Hyderabad House is a restaurant chain offering Hyderabadi cuisine. The chain is based in Hyderabad, Telangana, India and has over 23 outlets in various locations across South India.

==History==

=== Origins (1975) ===
The roots of the Hyderabad House brand trace back to a catering and food business started by Mir Babar Ali in 1975. Initially, Mir Babar Ali set up a non-vegetarian food counter at the Hyderabad Race Club, serving appetizers like Lukmi and kebabs. His success quickly led to a flourishing catering service for private parties and canteens for various companies.

=== Founding of the Chain (1998) ===
The contemporary restaurant chain was formally established by Mir Babar Ali's son, Mir Mazharuddin, in 1998 (some sources indicate 1999). Mazharuddin transformed the family's catering business into a commercial restaurant venture, starting with a small take-away outlet in Masab Tank, Hyderabad.

A unique feature introduced by Mazharuddin, inspired by his international travels, was the concept of selling curries and cooked food by weight, rather than by a fixed portion size. This model was unique for Deccani cuisine vendors at the time and contributed to the restaurant's early popularity as a pioneer of takeaway food in the city.

=== Expansion and Acquisition ===
Under Mir Mazharuddin's leadership, Hyderabad House expanded significantly. By 2015, the chain had grown to approximately 40 outlets across India, with an international presence in locations such as Australia, Nepal, Saudi Arabia, and the UAE. The chain's growth attracted corporate interest, and in 2015, the Hyderabad House food chain was acquired by Food Krafters & Services LLP (FKS), a quick service restaurant (QSR) company. FKS, led by Khalil Ahmed, an entrepreneur and co-founder of Shanta Biotech, announced plans to invest heavily in the brand, including the addition of 50 new outlets and rebranding efforts.

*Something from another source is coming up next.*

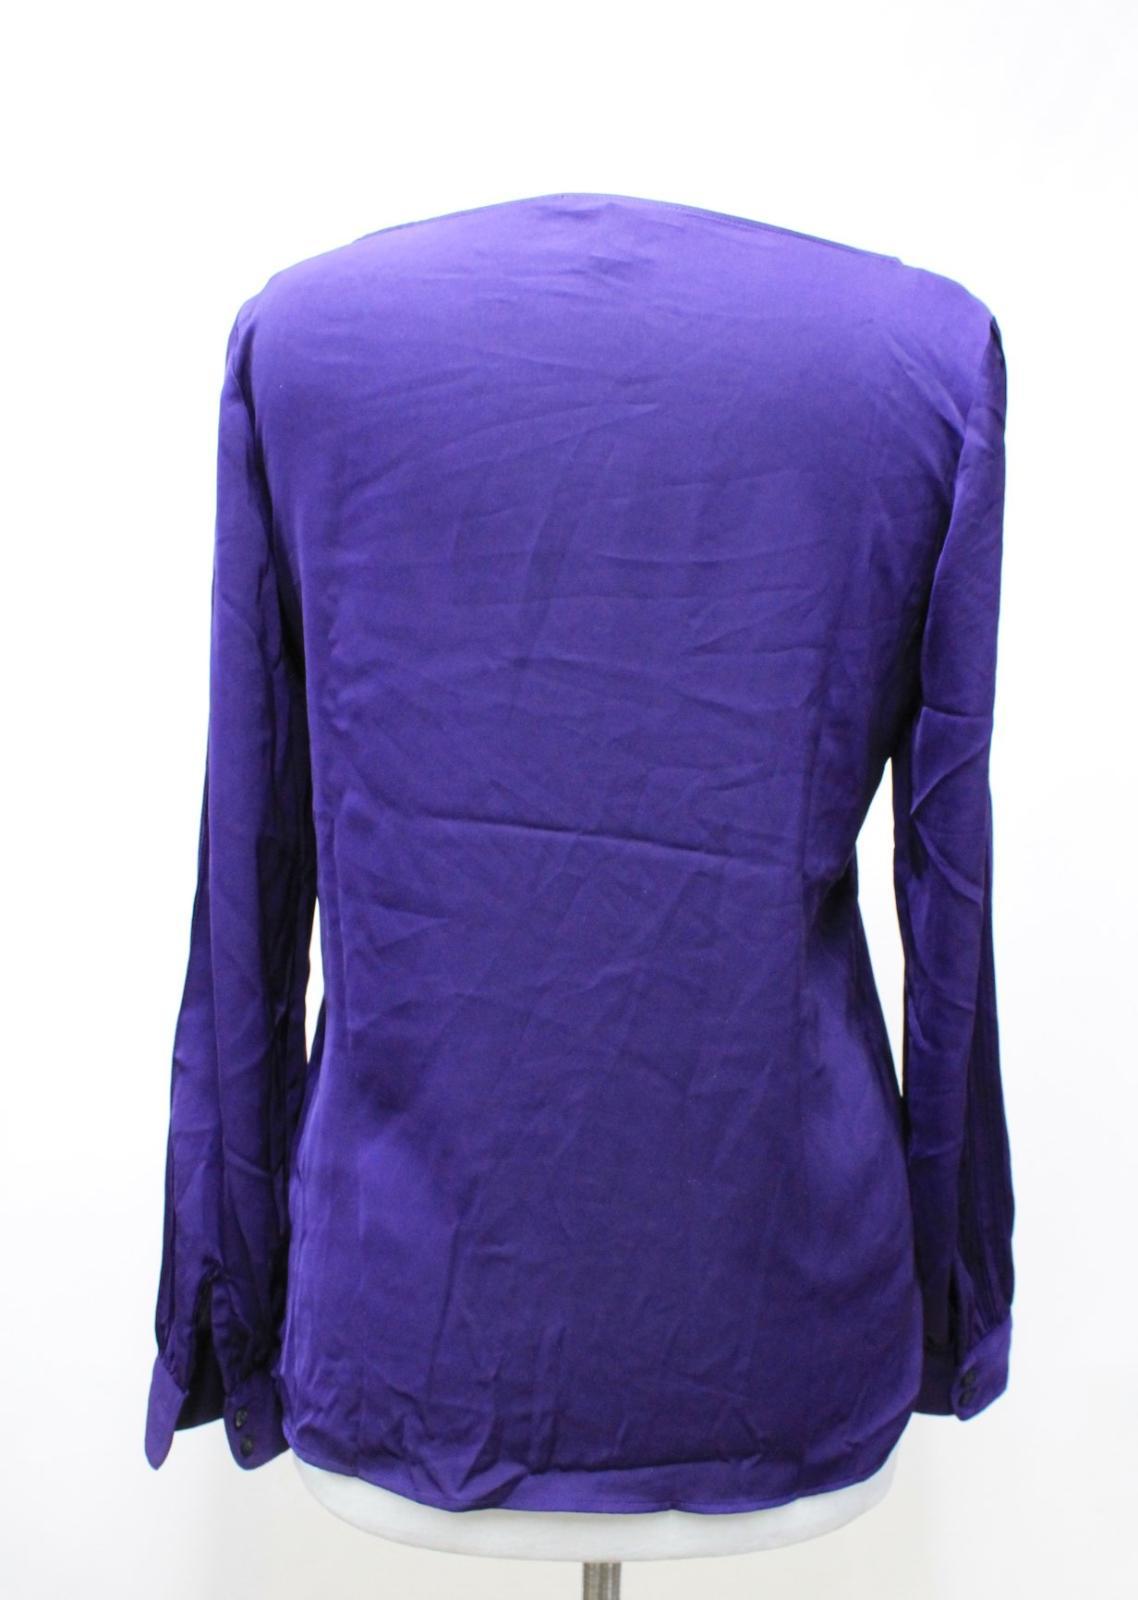 LAUREN-BY-RALPH-LAUREN-Ladies-Purple-Satin-Pleated-Sleeve-Round-Neck-Top-S thumbnail 3

=== The Original Outlet Revival (2021)===
Following operational and financial issues, the original Hyderabad House entity associated with Mir Mazharuddin's family shut down in 2014. However, in late 2021, Mir Mazharuddin's son, Mir Zubair Ahmed, a third-generation owner, along with a partner, relaunched the original brand with a single outlet in Begumpet, Hyderabad. This revival sought to maintain the traditional recipes and the popular sale-by-weight model pioneered by his father.

==Cuisine==
The restaurant chain is famous for its authentic Hyderabadi cuisine, with its signature dish being Hyderabadi Biryani (particularly Kacche Ghost ki Biryani). Other traditional Hyderabadi and Deccan delicacies offered include marag, kheema lukhmi, Shikampur kebab, and haleem.